→ **DESCRIPTION OF THE TASK**: Please give back each line of the material unchanged, but without the images.

→ **RECORDED INFORMATION**:
_____

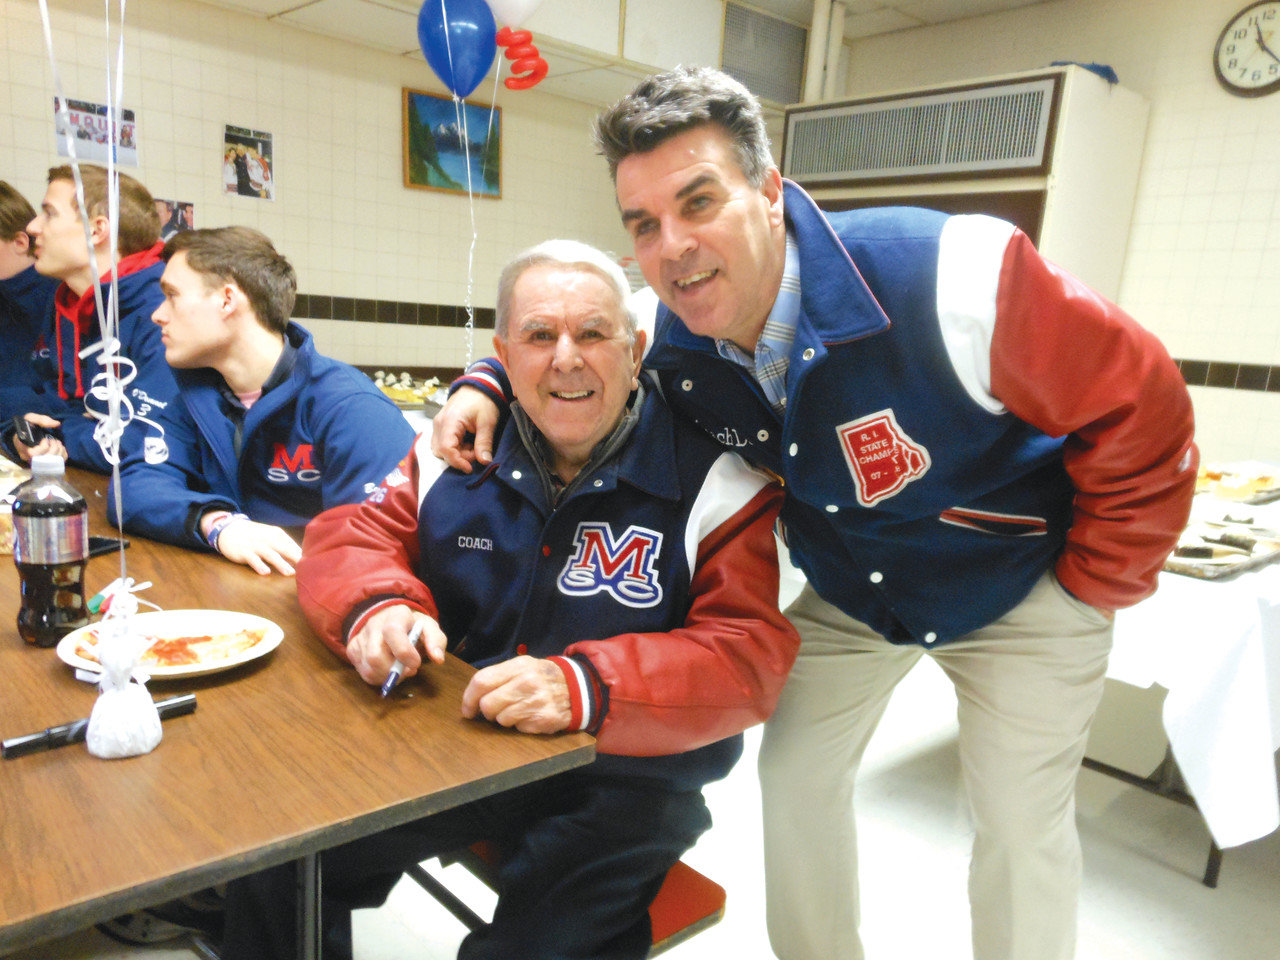 Normand “Bill” Belisle, hockey coach of 42 years at Mount St. Charles Academy, and his son, Dave, smile at an event honoring the older Belisle’s induction into the U.S. Hockey Hall of Fame in 2016.
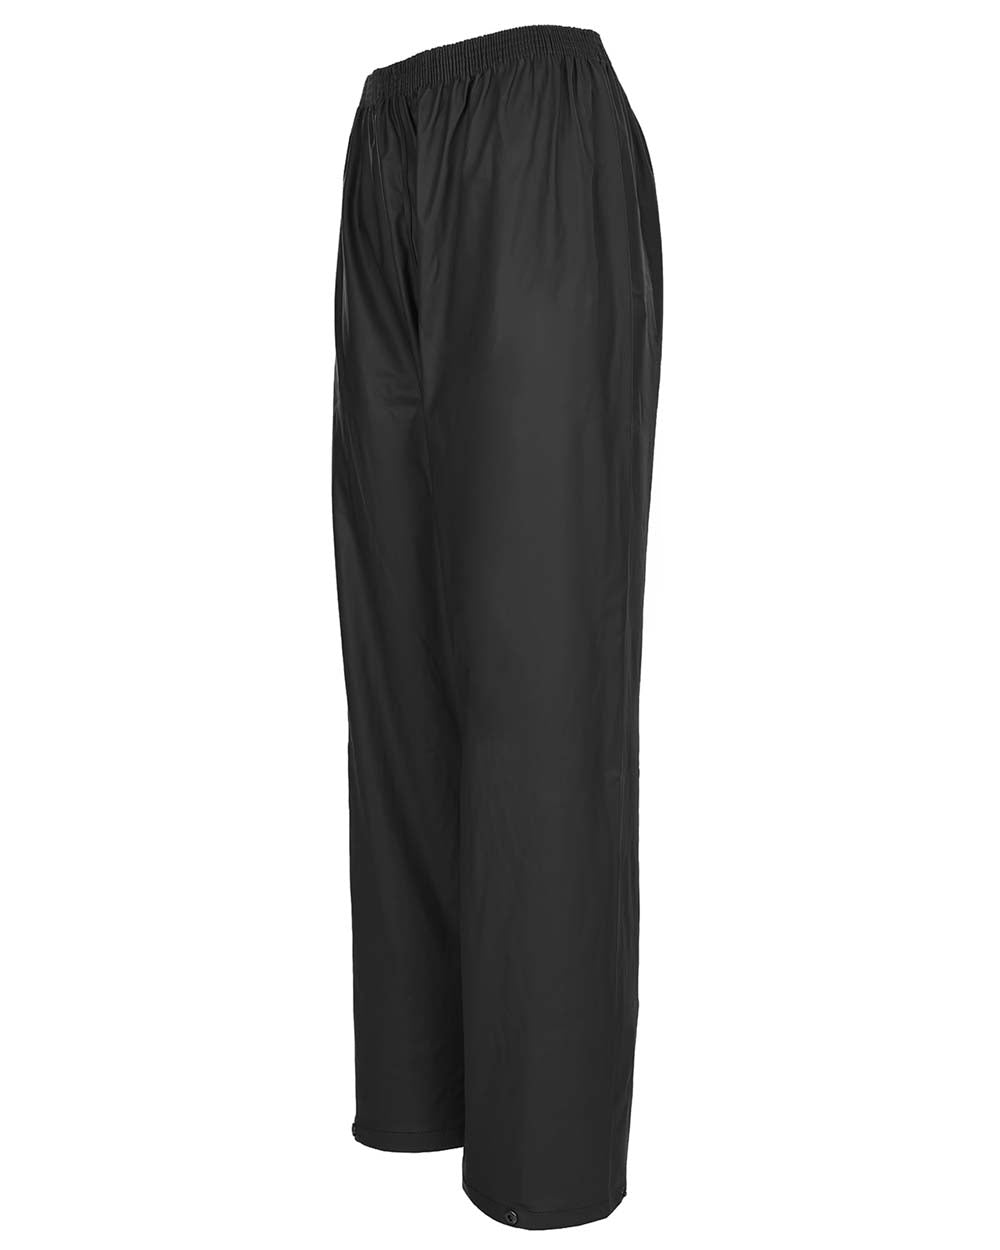 Black Coloured Fort Airflex Waterproof Breathable Trousers On A White Background 
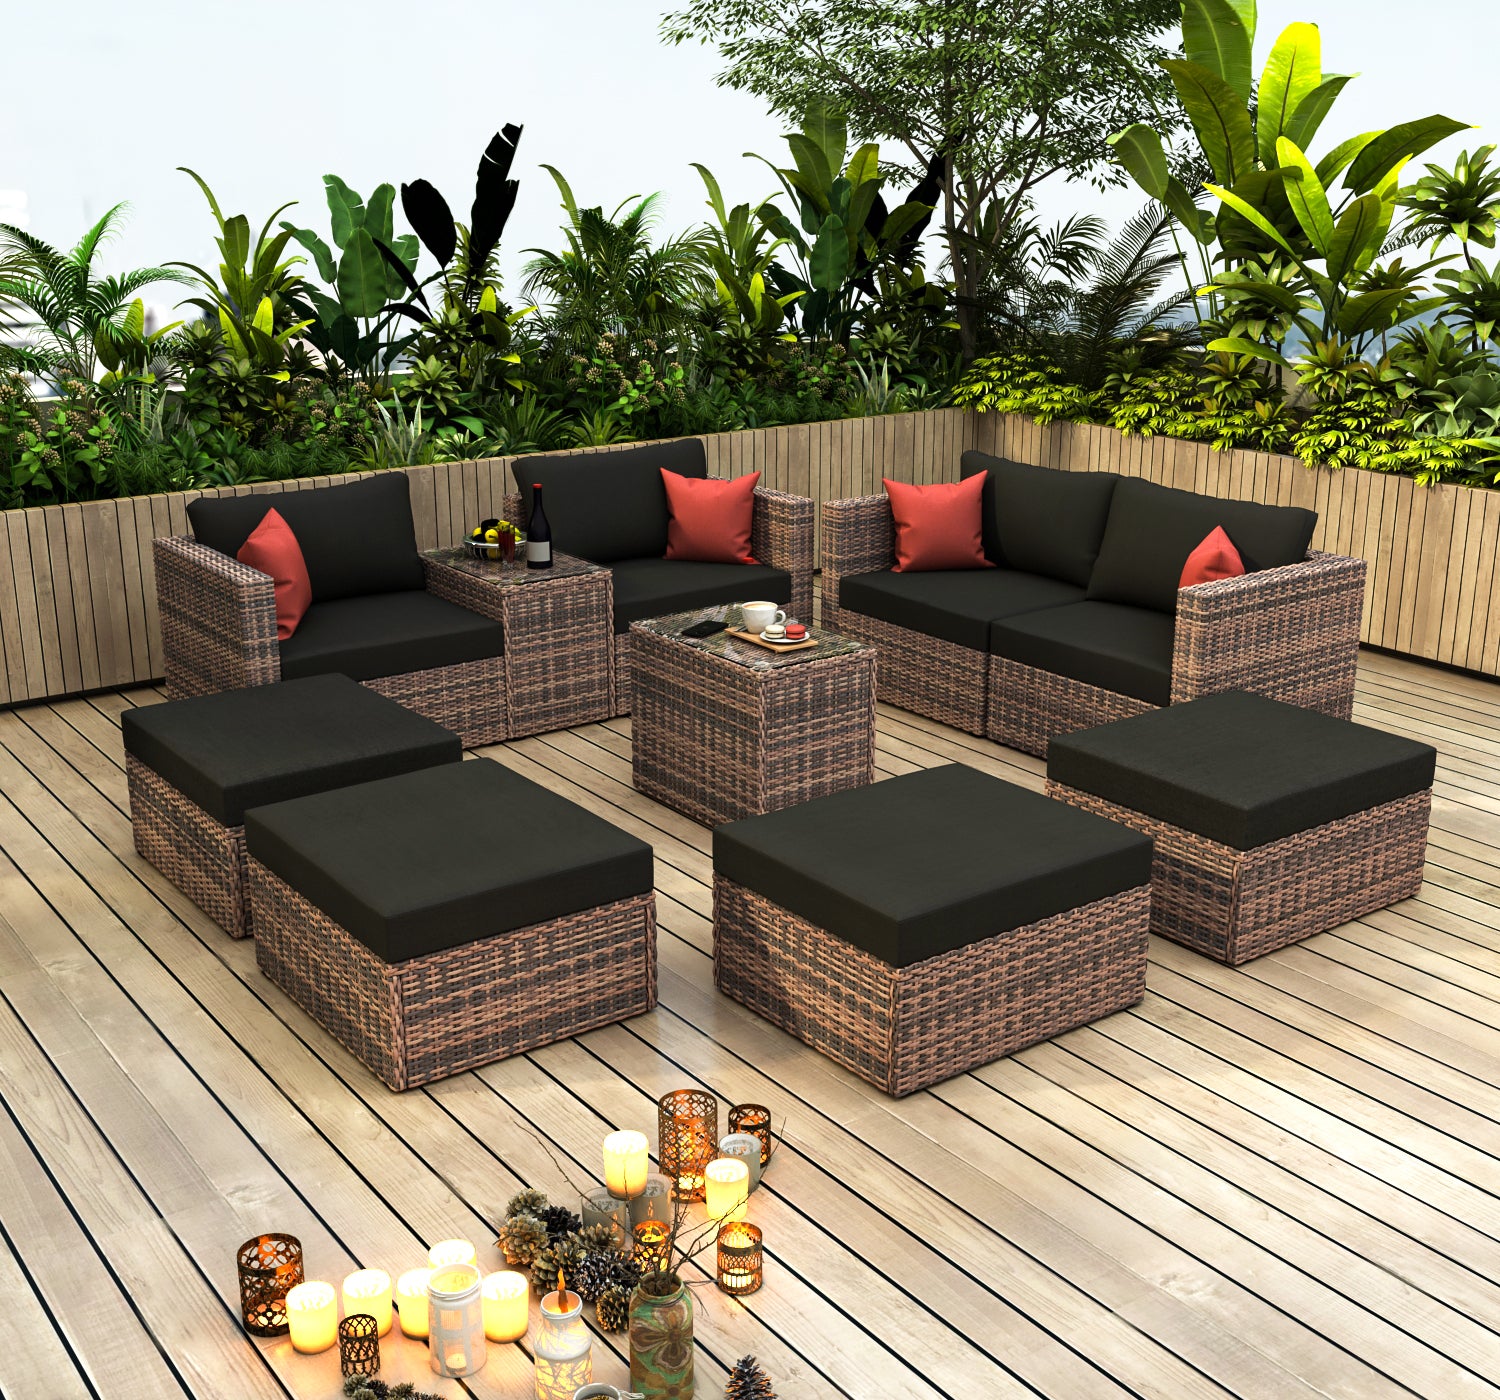 10 piece brown rattan wicker set with black cushions, outdoor patio set with coffee table

_____

→ **EXERCISE SOLUTION**:
 Normand “Bill” Belisle, hockey coach of 42 years at Mount St. Charles Academy, and his son, Dave, smile at an event honoring the older Belisle’s induction into the U.S. Hockey Hall of Fame in 2016.
 Black Coloured Fort Airflex Waterproof Breathable Trousers On A White Background 
 10 piece brown rattan wicker set with black cushions, outdoor patio set with coffee table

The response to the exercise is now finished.